INDIVIDUAL | Inducted 1998 [Posthumous]
In Mattachine Midwest and other venues, for well over 20 years Ira Henry Hillyard Jones was one of the city’s most visible, energetic spokespersons for sexual-minority rights. He was leader in the gay and lesbian business community, active in religious circles as an openly gay advocate, committed to racial justice, a worker in Regular Democratic organizations, and a leader in numerous gay and lesbian groups.
At the Mattachine Midwest’s first public meeting in 1965, Jones welcomed newcomers. In its last days, he was serving one of several terms as its president. In between, Jones spent thousands of his hours and dollars helping to maintain the group and, through it, to assist untold numbers of persons who called its hotline, wrote, or attended its meetings. In fact, Jones was also part of even-earlier efforts to establish a Mattachine unit in Chicago during the late 1950s and early 1960s.
Besides Mattachine Midwest, Jones’s nonstop activism included involvement with the Gay and Lesbian Coalition of Metropolitan Chicago, Integrity/Chicago, the Metropolitan Business Association, the Prairie State Democratic Club, and Black and White Men Together (now called Men of all Colors together). He was president and a board member of Chicago’s Girth and Mirth social organization, and he served as national president of the Affiliated Big Men’s Clubs of America. In addition, when he became a gay bar and arcade owner after working for several years in low-level state government jobs, he led numerous ad hoc efforts at combating the police harassment of his day and would often work around the clock to gather facts from his sources.
Born in Chehallis, Washington, in 1925, Jones grew up in Portland, Oregon, was a civil rights advocate, served as president of the Oregon Young Democrats, and became executive secretary of the Oregon Democratic Party. He moved to Chicago in the 1950s because he felt that his gayness was incompatible with political work and family ties there.
His magnetic personality and human relations skills enabled him to cultivate a wide range of acquaintances from street hustlers to bishops. His “Ira’s Eye on Chicago” columns in GayLife newspaper occasionally drew mainstream attention.

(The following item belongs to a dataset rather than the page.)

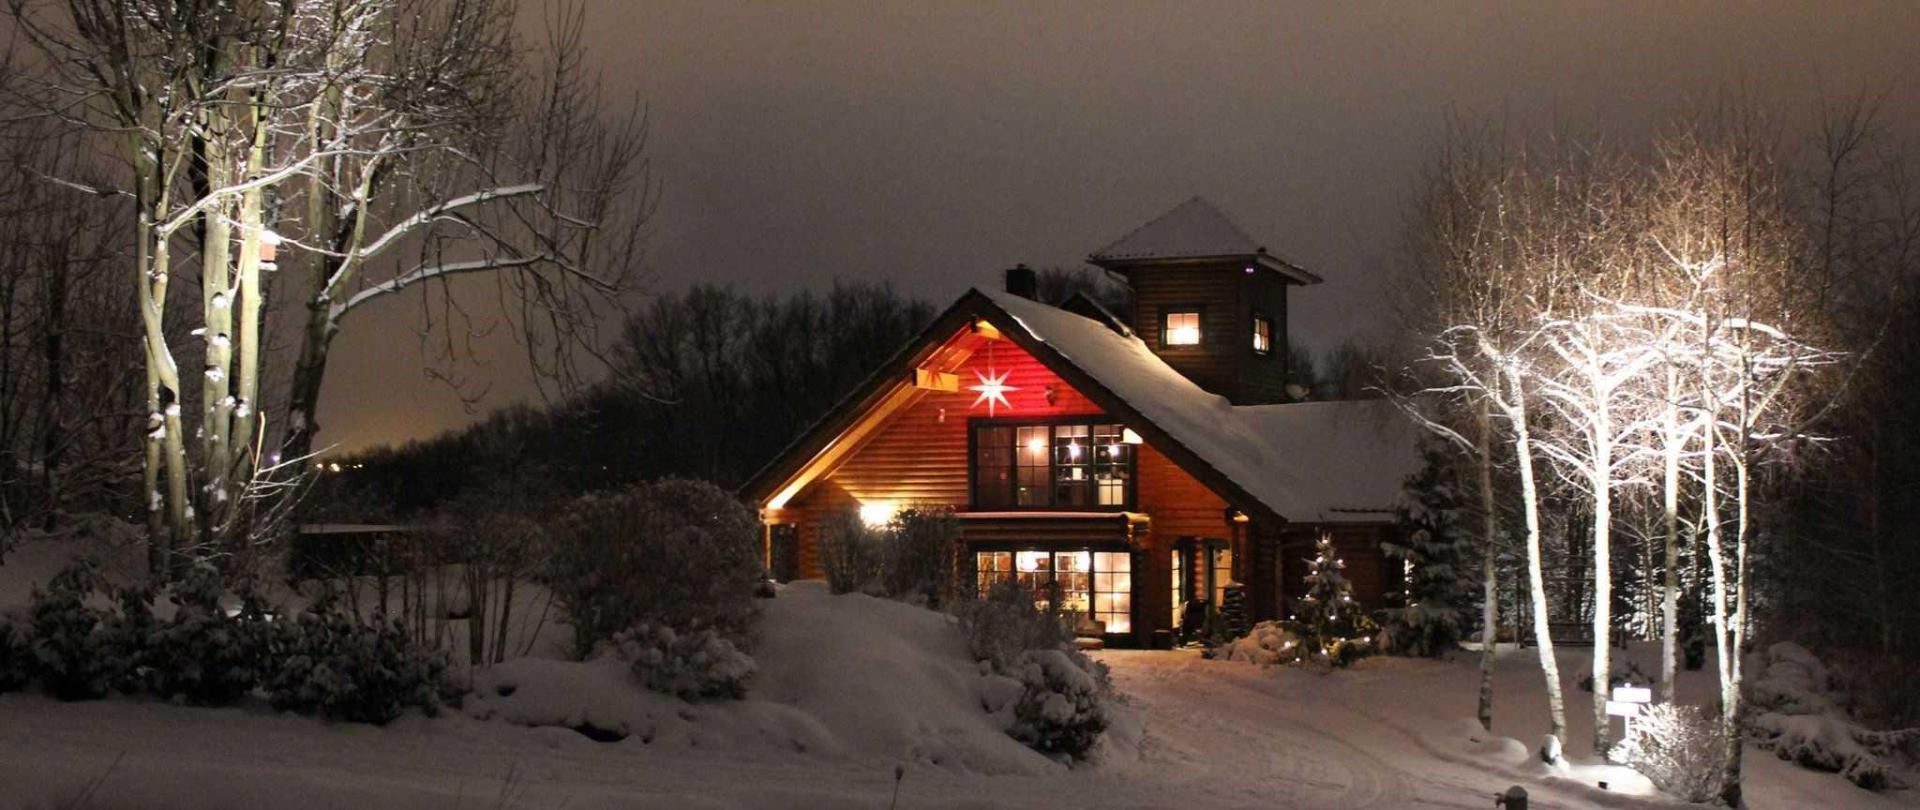 front_winter.jpg
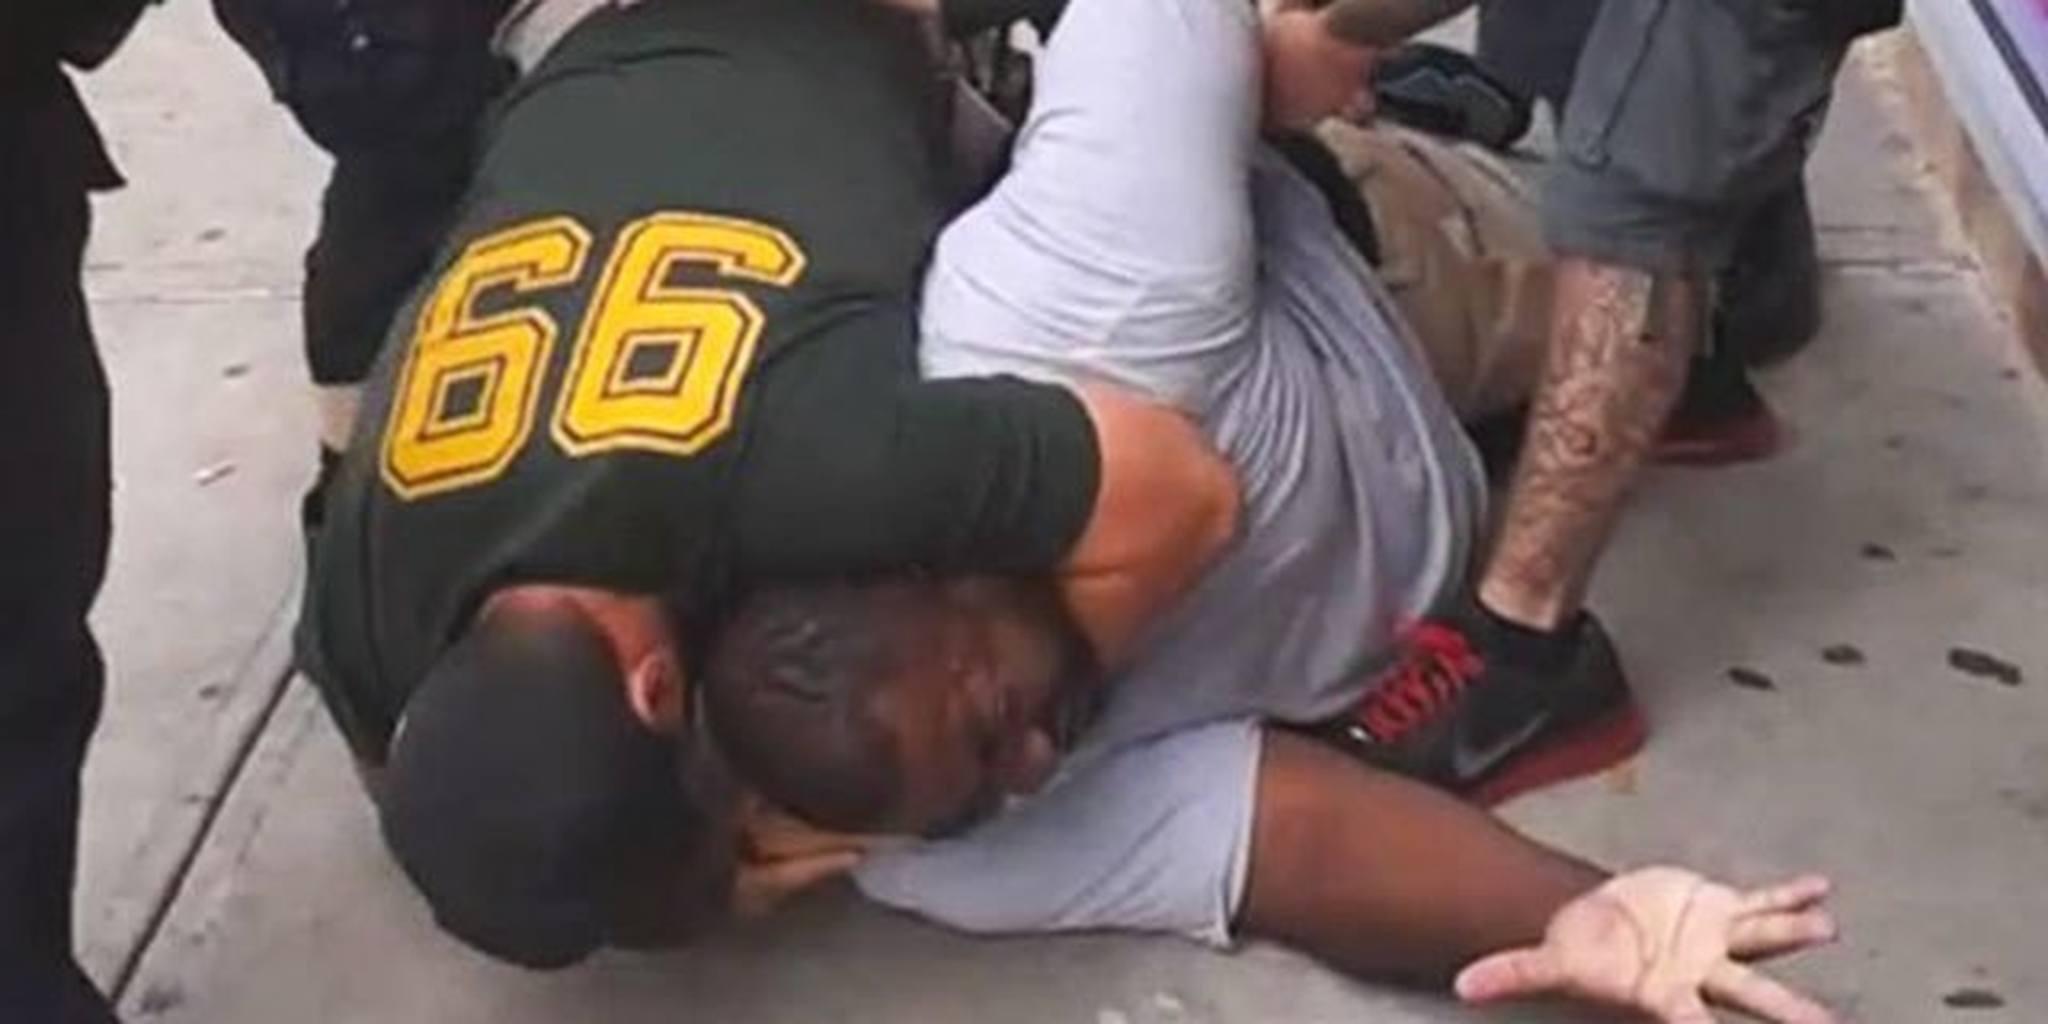 Eric Garner in Chokehold by Daniel Pantaleo

His experience in Oregon under Senator Wayne Morse, and later in Democratic organizations of Chicago’s 42d Ward and then the 4th Ward, often gave him insight into whom to approach and why people were acting as they were when gay and lesbian rights became a political issue.
Both as an ardent Episcopalian and as a strong supporter of two predominantly African American independent churches on Chicago’s South Side known for their hospitality to gay and lesbian worshipers, Jones was able to enlist religious allies in the fight against sexual-orientation and race discrimination. He was always a ready volunteer and a patient, thoughtful collaborator.
He maintained his social-justice commitments and activity until dying in 1986 from a heart attack.